WORK ITEM: Below are several entries. Transcribe exactly those lines that fall from the one with "Image of ingredients" through the one with "Craft Lace Packs Ultimate Makes 35 Projects", end lines included.

DATASET:
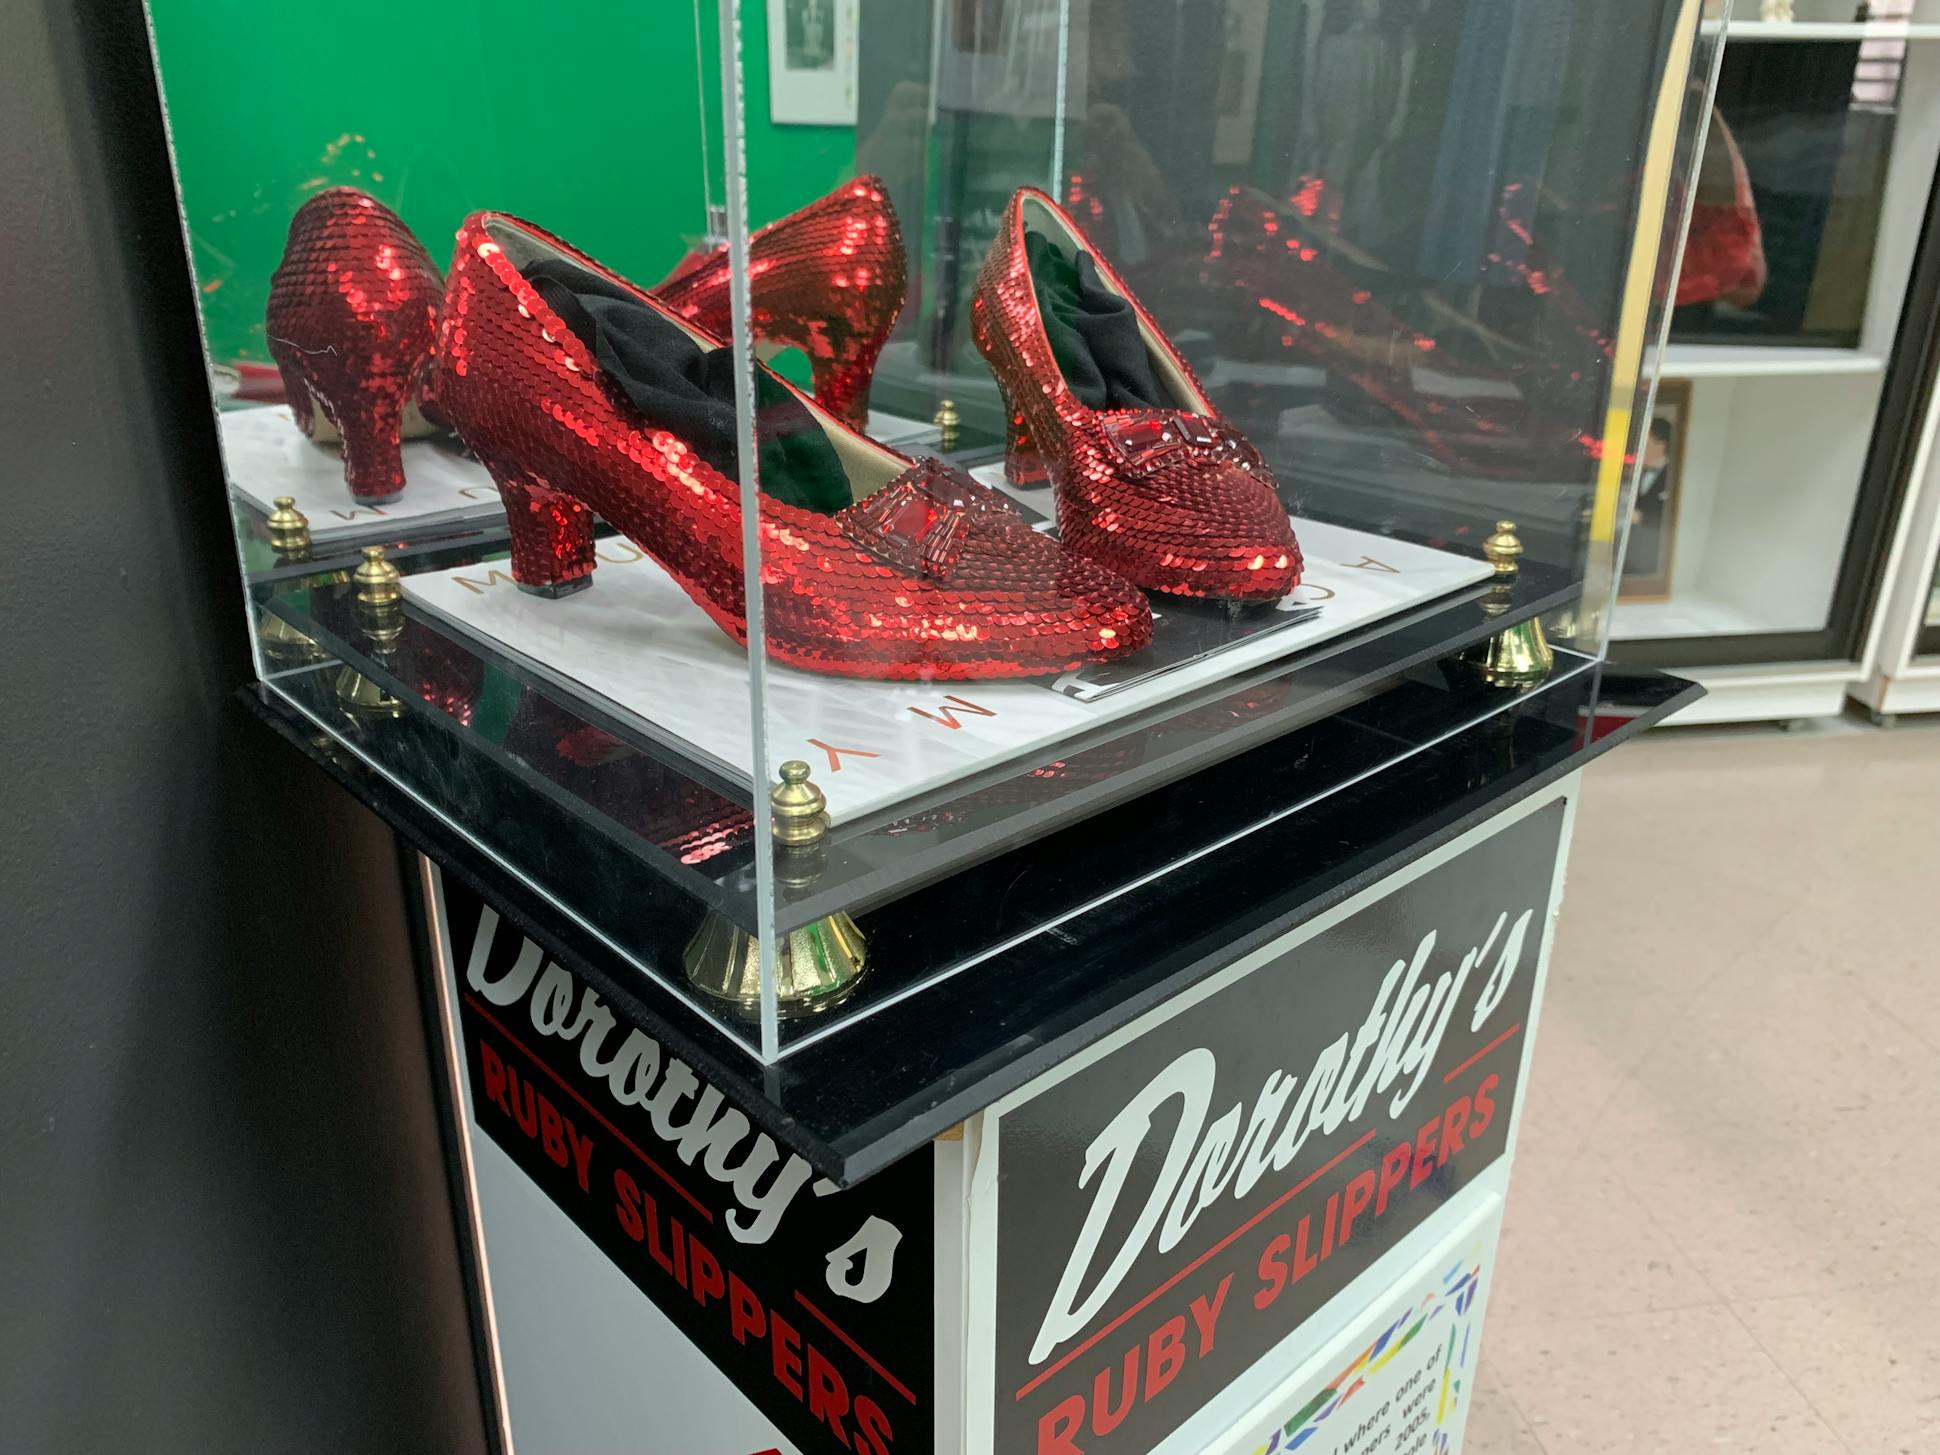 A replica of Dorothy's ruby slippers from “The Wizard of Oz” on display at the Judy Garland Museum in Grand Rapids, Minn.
==
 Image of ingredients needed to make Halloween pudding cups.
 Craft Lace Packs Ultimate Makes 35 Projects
* * *
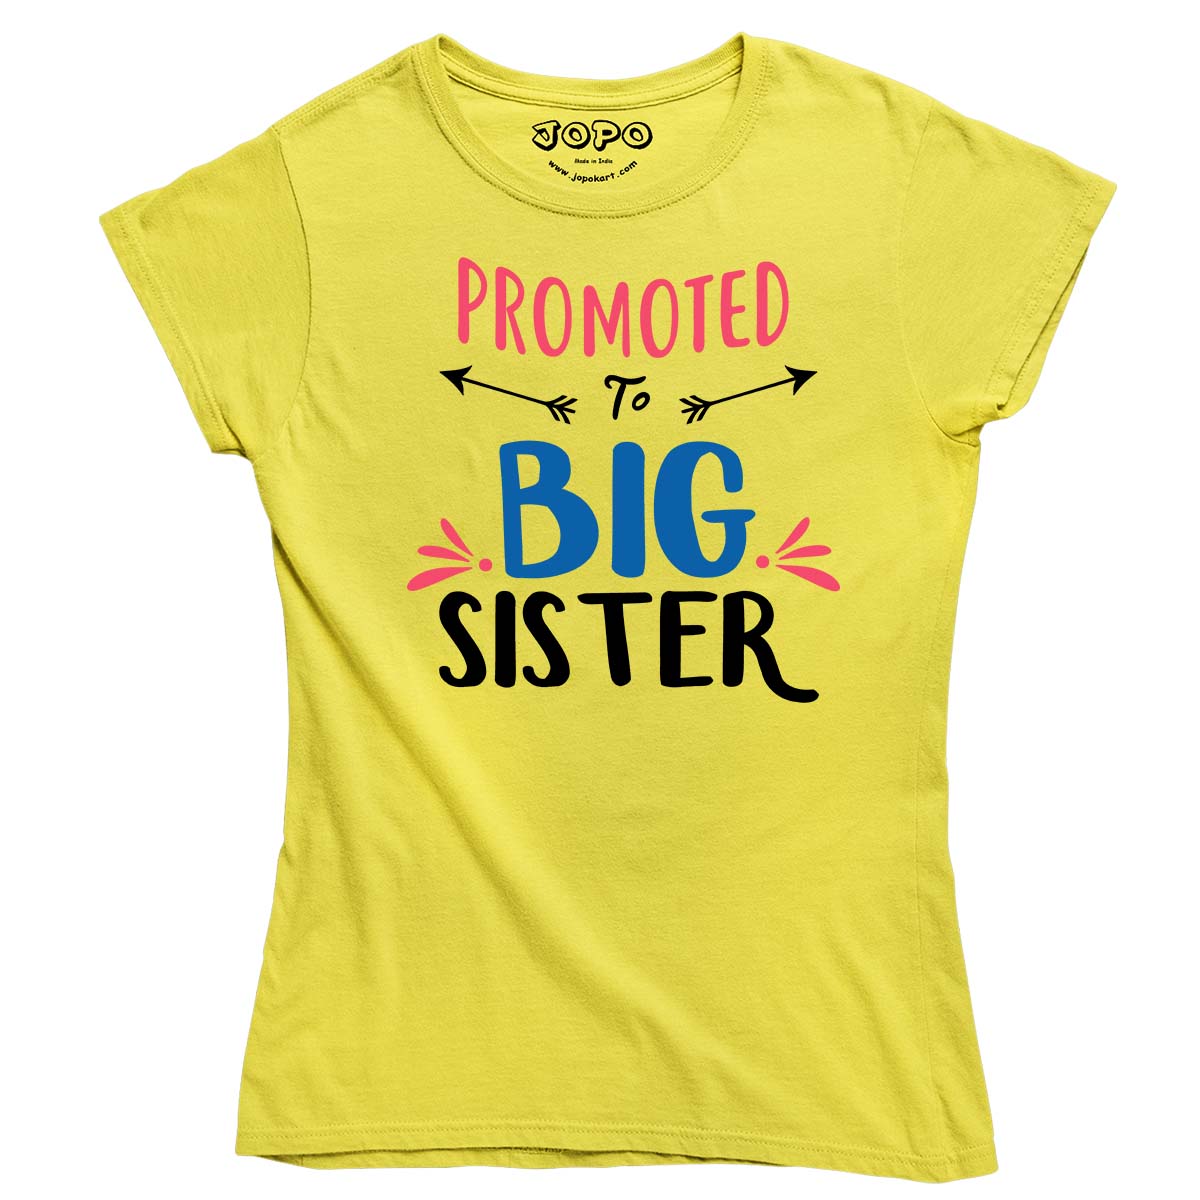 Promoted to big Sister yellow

OUTPUT BELOW:
 Image of ingredients needed to make Halloween pudding cups.
 Craft Lace Packs Ultimate Makes 35 Projects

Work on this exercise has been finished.